DEAR EDITOR,
In 1987, Ferrara et al. (Citation1) described the presence of a potent endothelial cell mitogen in the conditioned medium of follicular cells from bovine pituitary. They baptized it as vascular endothelial growth factor (VEGF) and ever since its role has been underscored in vasculogenesis processes – mice with a mutation in VEGF die during gestation – and physiological and pathological angiogenesis – wound healing and tumor vascularization. These functions honor its actual name; nonetheless, its recent functions might demand a novel – and more precise – denomination for this important protein.
The role of VEGF in maintaining adult vasculature has raised attention because of the consequences of its neutralization observed when patients receive anti-VEGF therapy for cancer and in the presence of an inhibitor as seen in preeclamptic patients, who present a high concentration of a soluble form of VEGF receptor 1 – sFlt-1 – which binds free VEGF and blocks its actions. Complications in these patients mainly include hypertension, proteinuria, renal thrombotic microangiopathy, and neurological alterations (Citation2).

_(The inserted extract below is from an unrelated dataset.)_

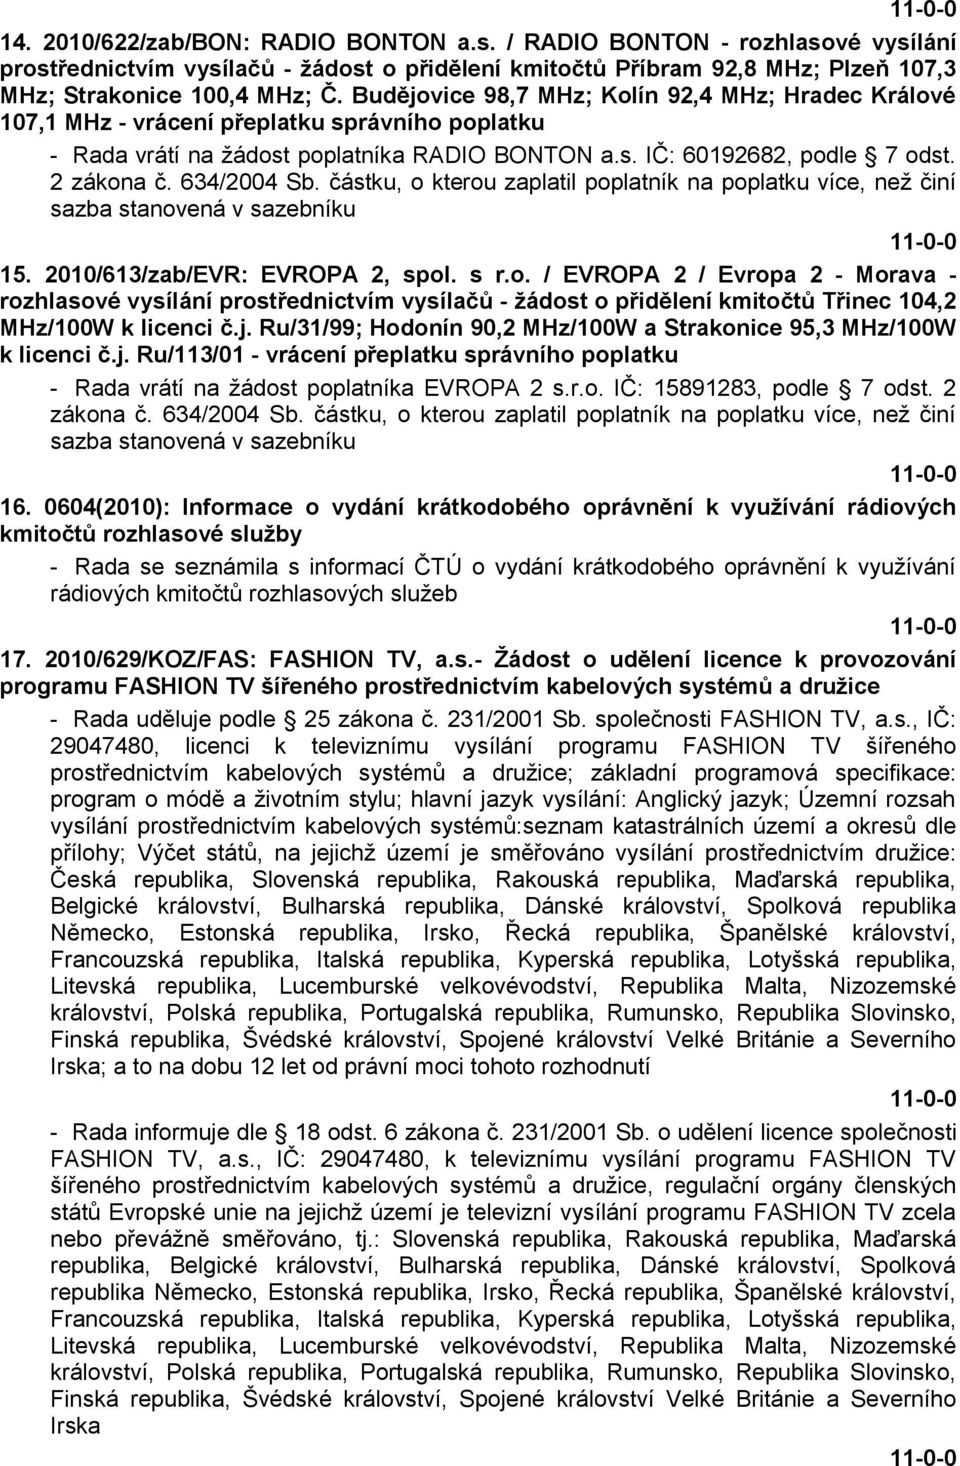 634/2004 Sb. částku, o kterou zaplatil poplatník na poplatku více, neţ činí sazba stanovená v sazebníku 15. 2010/613/zab/EVR: EVROPA 2, spol. s r.o. / EVROPA 2 / Evropa 2 - Morava - rozhlasové vysílání prostřednictvím vysílačů - ţádost o přidělení kmitočtů Třinec 104,2 MHz/100W k licenci č.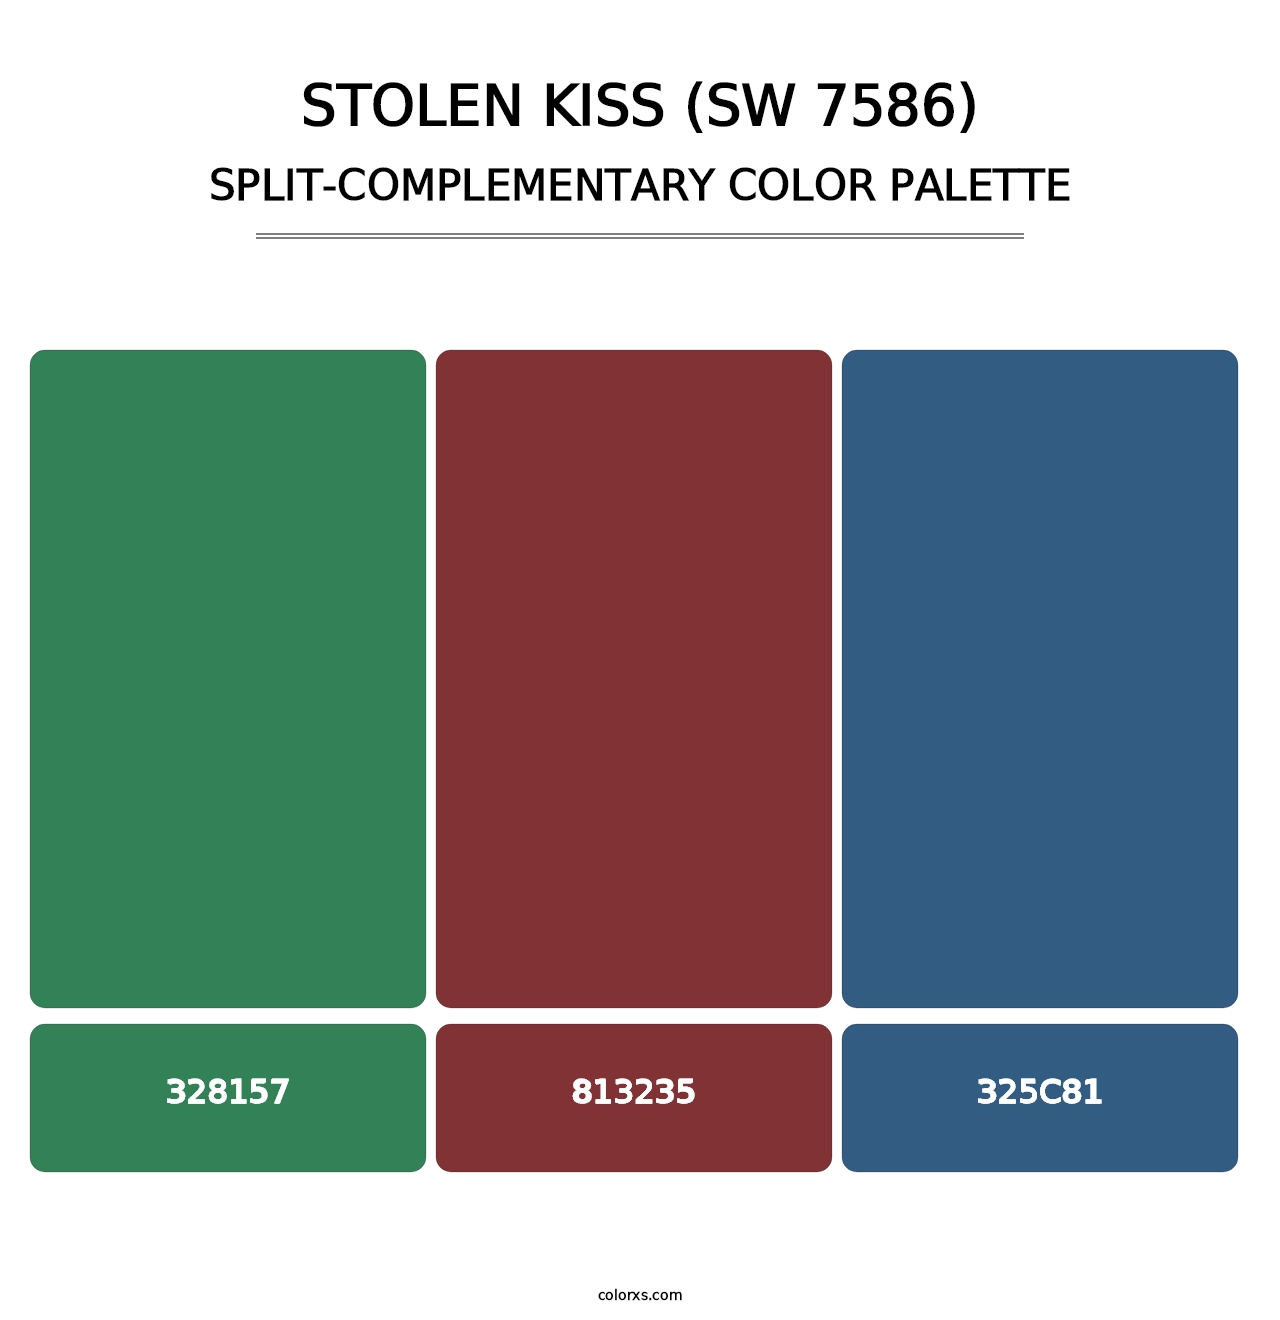 Stolen Kiss (SW 7586) - Split-Complementary Color Palette

In adults, VEGF is expressed in virtually all vascularized tissues. Regularly, VEGF is produced in epithelial cells that abut fenestrated and sinusoidal blood vessels, such as choroid plexus, glomerulus of the kidney, and hepatic sinusoidal. This expression correlates with the presence of VEGF receptor 2 in the adjacent endothelial cells within these organs, thus pointing out the VEGF as an important factor in maintaining the function of these structures (Citation3). To prove this hypothesis, Eremina et al. (Citation2) used conditional gene targeting to delete VEGF from renal podocytes in adult mice resulting in a glomerular injury. Furthermore, neutralization of VEGF in mice generates decreased perfusion of choroid plexus vasculature relating with the appearance of lesions compatible with reversible posterior leukoencephalopathy syndrome: this lesion is also observed in preeclamptic women and in patients under anti-VEGF therapy (Citation3).
VEGF has also been demonstrated to be important for other cells different from the endothelium. Our group (Citation4) previously demonstrated that VEGF is extremely important to promote podocytes – glomerular epithelial cells – survival and to maintain podocytes filtration function in preventing proteinuria in women with preeclampsia.
So, why would it be important to modify the name of this factor? Nobel Prize winner José Saramago stated “(. . .) The Name is an artificial representation of the thing; however it determines its creation. There’s no existence of the thing if there’s no language representation for it” (Citation5). Naming is a complex cognitive process that represents our current limitations and our possibilities in understanding a phenomenon: that is why the name should represent the thing in an accurate and precise manner.
In this regard, the name vascular endothelial growth factor was very precise 20 years ago. It contained the target cells (vascular endothelial) and indicates the function (inducing proliferation) of the factor. Nevertheless, to our current knowledge, it affects diverse cell types, including epithelial cells, and it has a myriad of functions (Citation4) such as permeability of the endothelium and apoptosis inhibitor in epithelial cells.
The current pathophysiology implications of VEGF in preeclampsia context demand a debate about the limitations of its traditional denomination, mostly to overcome our limitations and enhance our future understanding about the role of this promising factor in these women.
Daniel E. Henao
Grupo Reproducción, Universidad de Antioquia,
Calle 62 # 52 – 59, Medellín, Colombia
E-mail: [email protected]
REFERENCES
- Ferrara N, Schweigerer L, Neufeld G, Mitchell R, Gospodarowicz D. Pituitary follicular cells produce basic fibroblast growth factor. Proc Natl Acad Sci USA 1987; 84(16):5773–5777.
- Eremina V, Jefferson JA, Kowalewska J, . VEGF inhibition and renal thrombotic microangiopathy. N Engl J Med 2008; 358(11):1129–1136.
- Maharaj AS, Walshe TE, Saint-Geniez M, . VEGF and TGF-beta are required for the maintenance of the choroid plexus and ependyma. J Exp Med 2008; 205(2):491–501.
- Henao DE, Arias LF, Mathieson PW, . Preeclamptic sera directly induce slit-diaphragm protein redistribution and alter podocyte barrier-forming capacity. Nephron Exp Nephrol 2008; 110(3):e73–e81.
- Saramago J. El nombre y la cosa. Ciudad de México: Fondo de Cultura Económica, 2007.